In this issue, one review and 6 original articles have been published.
Kim HS, et al.
Honestly, this review article is quite hard to understand and the subject is quite unfamiliar, so the editor is a little worried that it might be frustrating for readers in the medical field. Randomized controlled trials (RCTs) and real-world evidence (RWE) are essential for clinical insight. RCTs validate drug/device effects in controlled settings, while RWE considers external factors in real-world scenarios. This study explores extrinsic factors' impact on RWE, focusing on dark data – unused or excluded data, offering untapped insights. Extrinsic factors lead to diverse RWE outcomes beyond statistical correction’s scope. Two dark data types, “known-unknown” and “unknown-unknown,” highlight RWE complexity. Transforming unknowns into knowns depends on data literacy, that is crucial for medical interpretation. Recognizing dark data's significance is vital in understanding clinical complexity, requiring medical data literacy in the artificial intelligence era.

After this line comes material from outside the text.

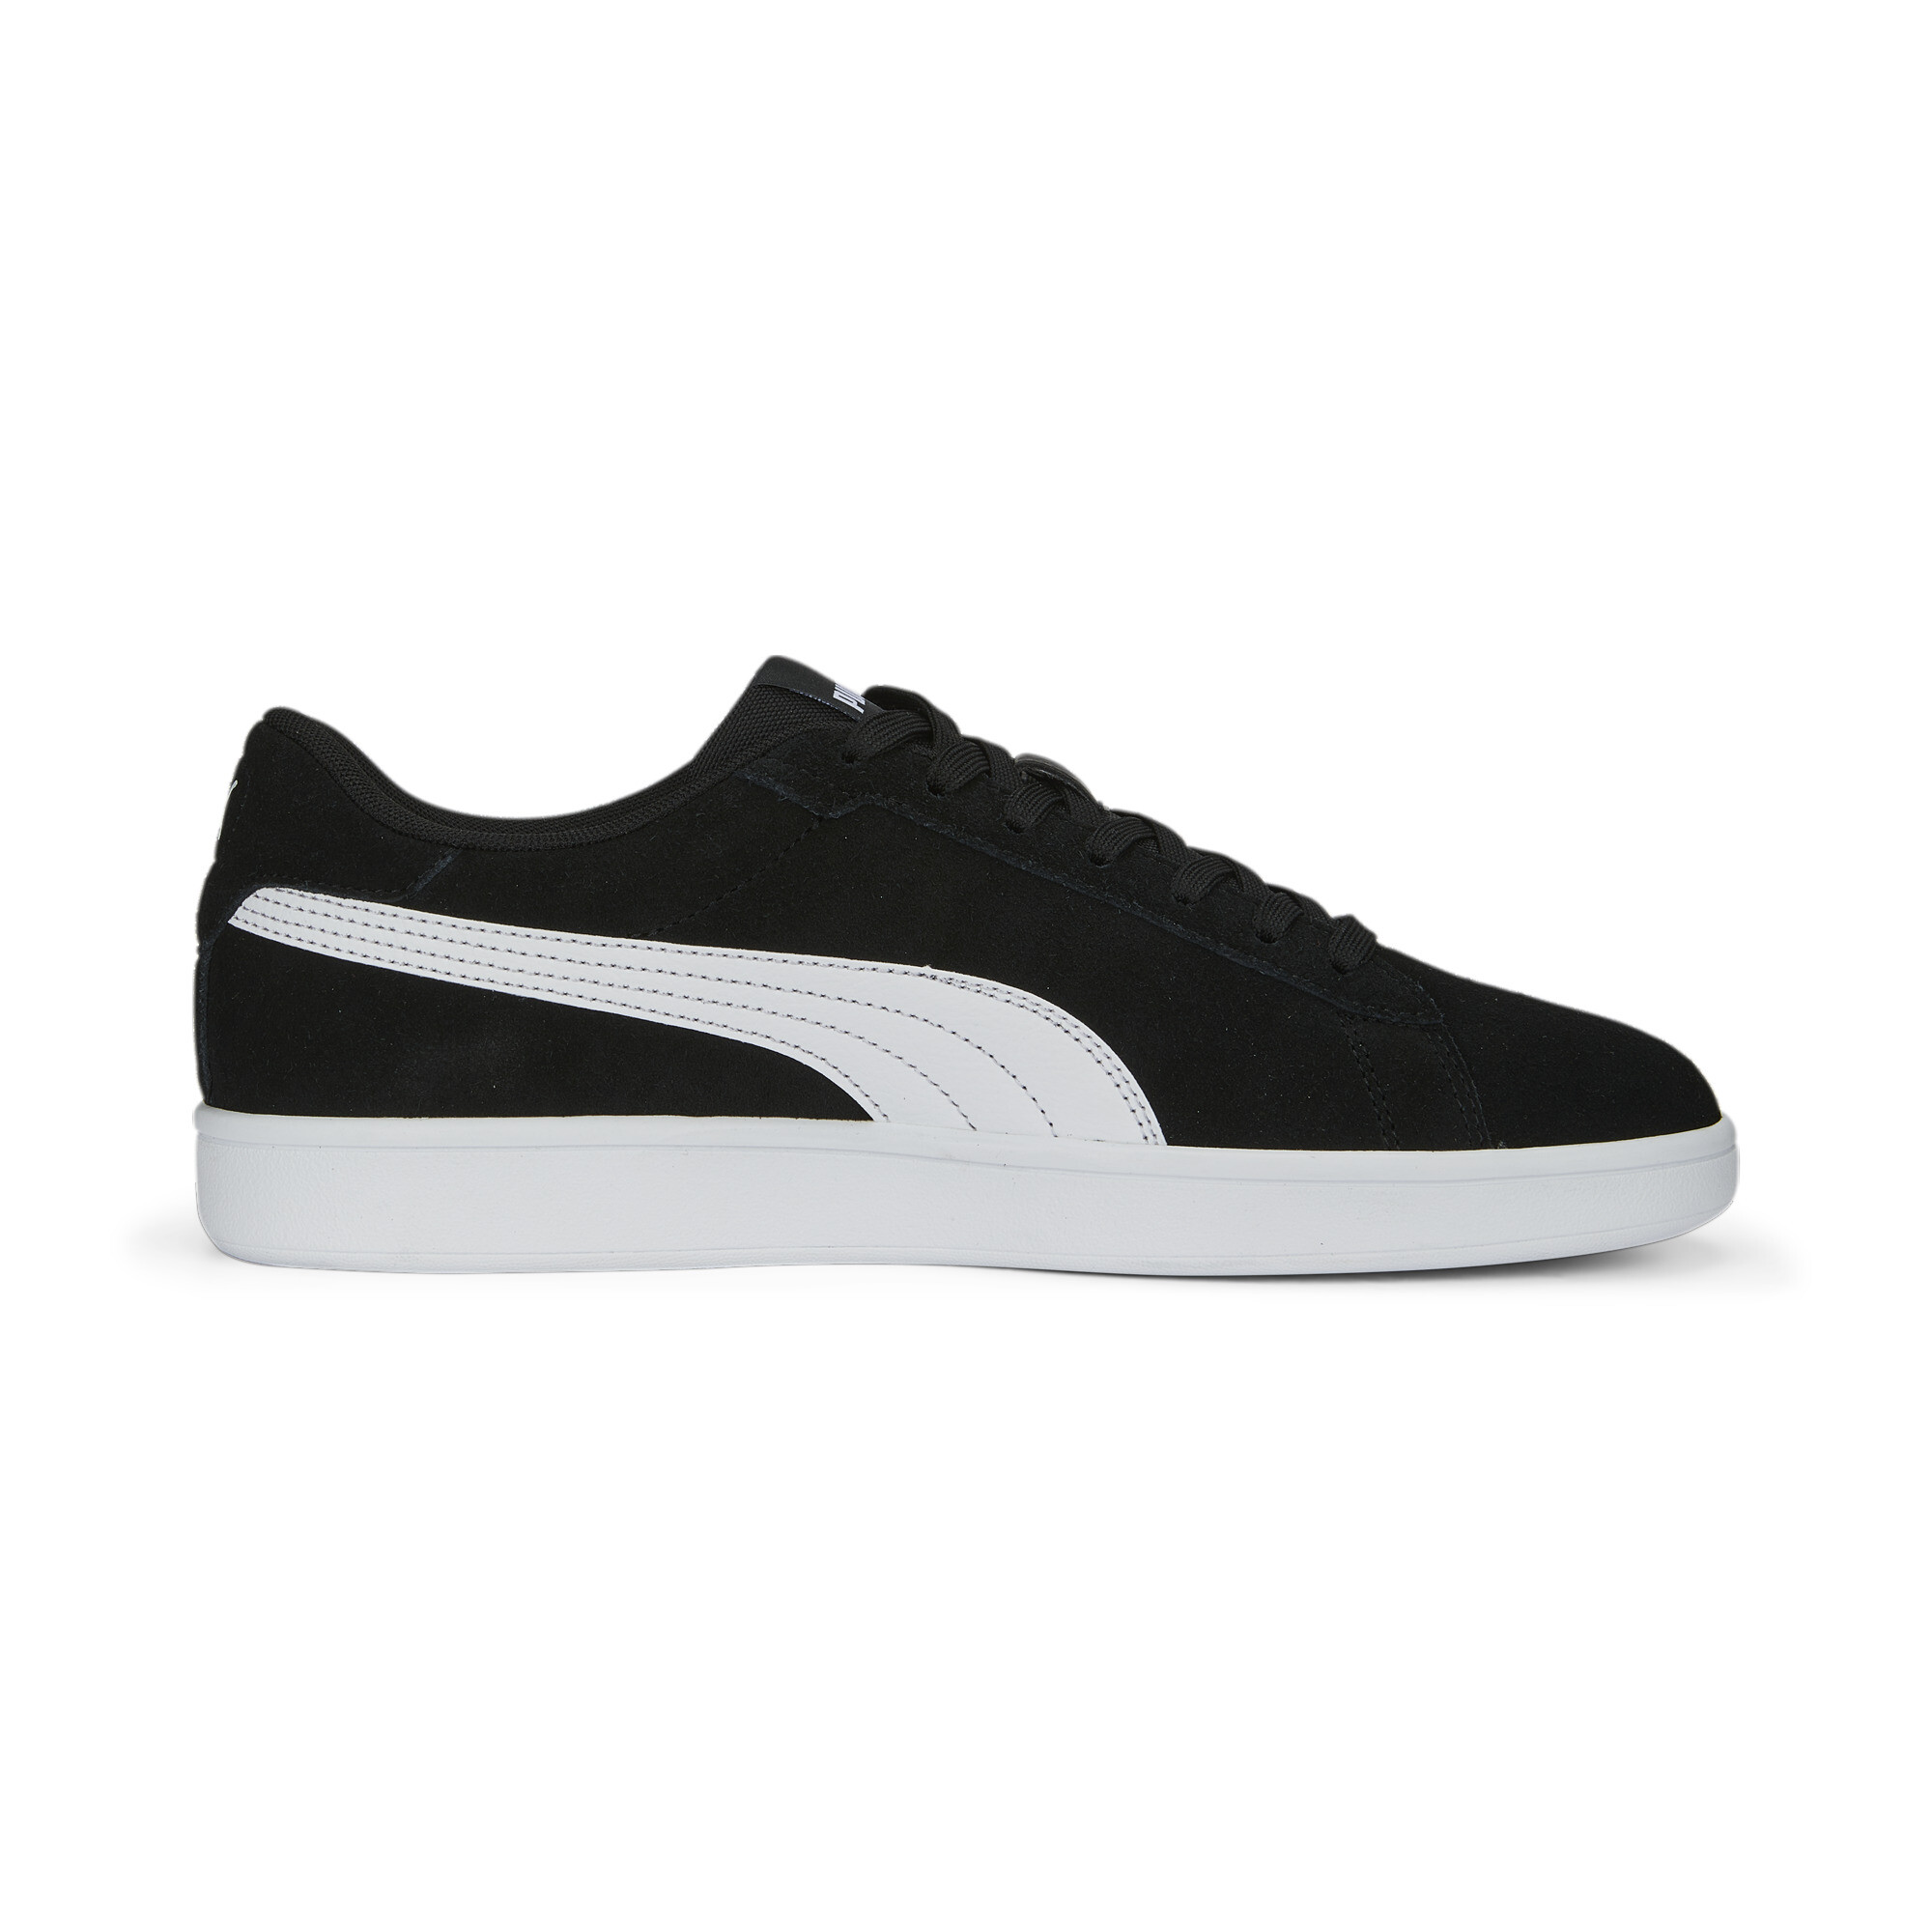 Puma Smash 3.0 Sneakers, Black, Size 47, Shoes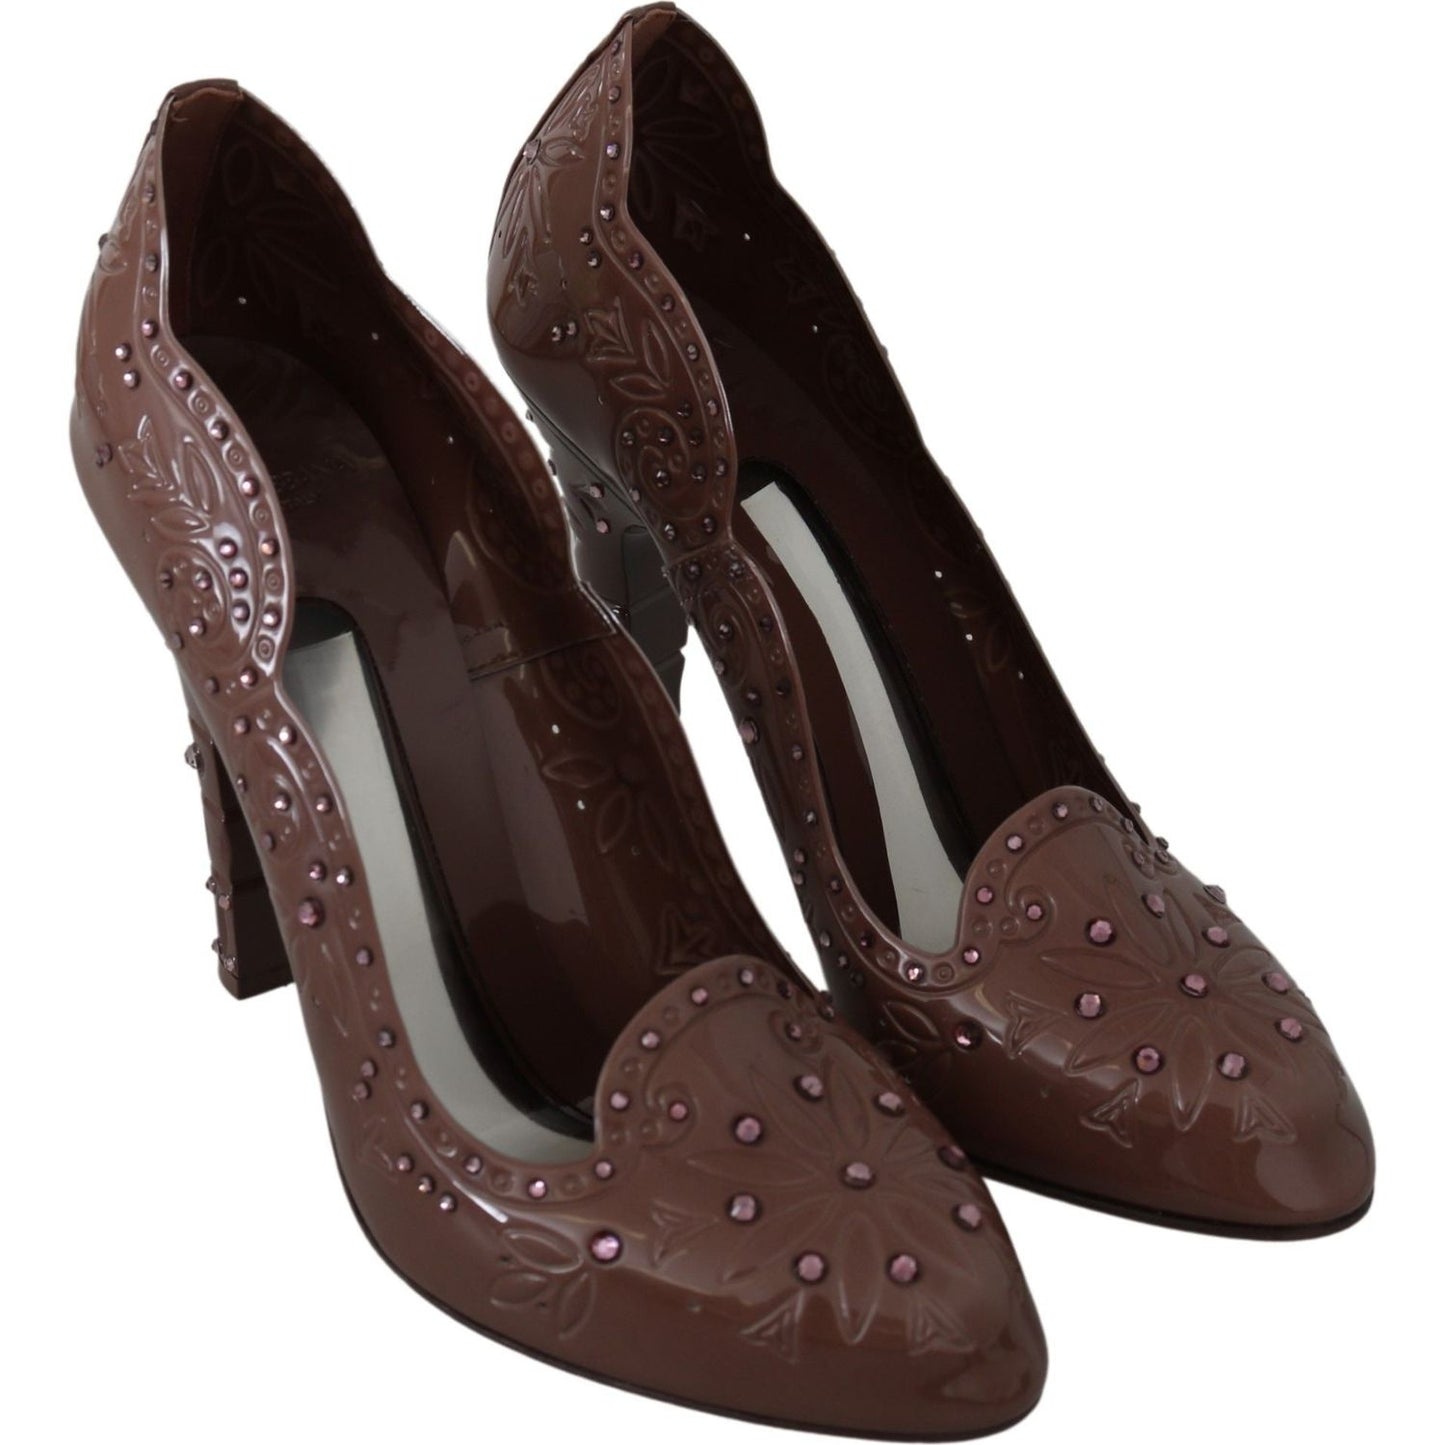 Dolce & Gabbana Elegant Crystal-Embellished Cinderella Pumps brown-floral-crystal-heels-cinderella-shoes IMG_8045-60eeac55-5a5.jpg

As expected, artificial intelligence-related topics are very difficult. I am reflecting on myself that I need to study harder.
Lee SM, et al.
Extended hospitalization before sepsis onset significantly raises the risk of in-hospital mortality, as demonstrated in a nationwide retrospective cohort study spanning 19 hospitals from September 2019 to December 2020. Propensity score-matched analysis revealed a threefold increased risk of in-hospital mortality in the late-onset group. Mortality risk rose with prolonged hospitalization, emphasizing the importance of meticulous management for sepsis occurring after ≥ 5 days of hospital stay.
Song IA, et al.
This population-based retrospective cohort study aimed to assess the link between opioid use duration and long-term mortality. Analyzing data from 4,556,606 adults, including 2,070,039 prescribed opioids, participants were categorized into non-users, short-term (1–89 days), and long-term (≥ 90 days) groups. This study underscores the association between opioid prescriptions, regardless of duration, and increased long-term mortality in the Korean adult population.
Kim JH, et al.
This two-decade study on croup trends in Korean children (2002-2019) reveals a rising incidence. Across age, sex, region and economic status, the increase is consistent with those without comorbidities showing a significant rise. Treatment patterns witnessed a decline in antibiotics and oxygen use, while nebulized epinephrine and multiple drug prescriptions increased. Notably, primary care centers demonstrated a greater rise in prescription usage and hospitalization duration than tertiary healthcare institutions. These findings clearly reveal evolving croup patterns and emphasize the need for tailored strategies in healthcare facilities, given the changing landscape of childhood health.
Lee S, et al.
This study explored the prevalence of unruptured intracranial aneurysms (UIAs) in liver transplantation patients, along with perioperative subarachnoid hemorrhage (SAH) occurrence. A scoring system predicting the risk of hemorrhagic stroke included poor admission mental status, UIA diagnosis, serum ammonia levels, and MELD scores. Despite low UIA and SAH incidences, this scoring system effectively identified hemorrhagic stroke risk factors in liver transplantation patients.
Yoon IY, et al.
This study aimed to assess the effectiveness and safety of a neurofeedback wearable device in reducing stress. In a randomized, double-blind, controlled trial, participants with stress, depression, or sleep issues practiced neurofeedback-assisted meditation or non-assisted meditation for two weeks. State anxiety improvement was notable in the experimental group. Subjective satisfaction was higher in the experimental group, supporting neurofeedback-assisted meditation for stress relief.
Hwang SS, et al.
This study investigated the spatiotemporal epidemiology of out-of-hospital cardiac arrest (OHCA) in Korea from 2009 to 2021. Using Bayesian spatiotemporal models, researchers observed a gradual decline in OHCA incidence over time. Survival outcomes were more favorable in metropolitan areas, showing substantial improvements in neurological outcomes from 2009 to 2021. These findings provide crucial insights for public health planning to alleviate the burden of OHCA in Korea and to improve prehospital outcomes.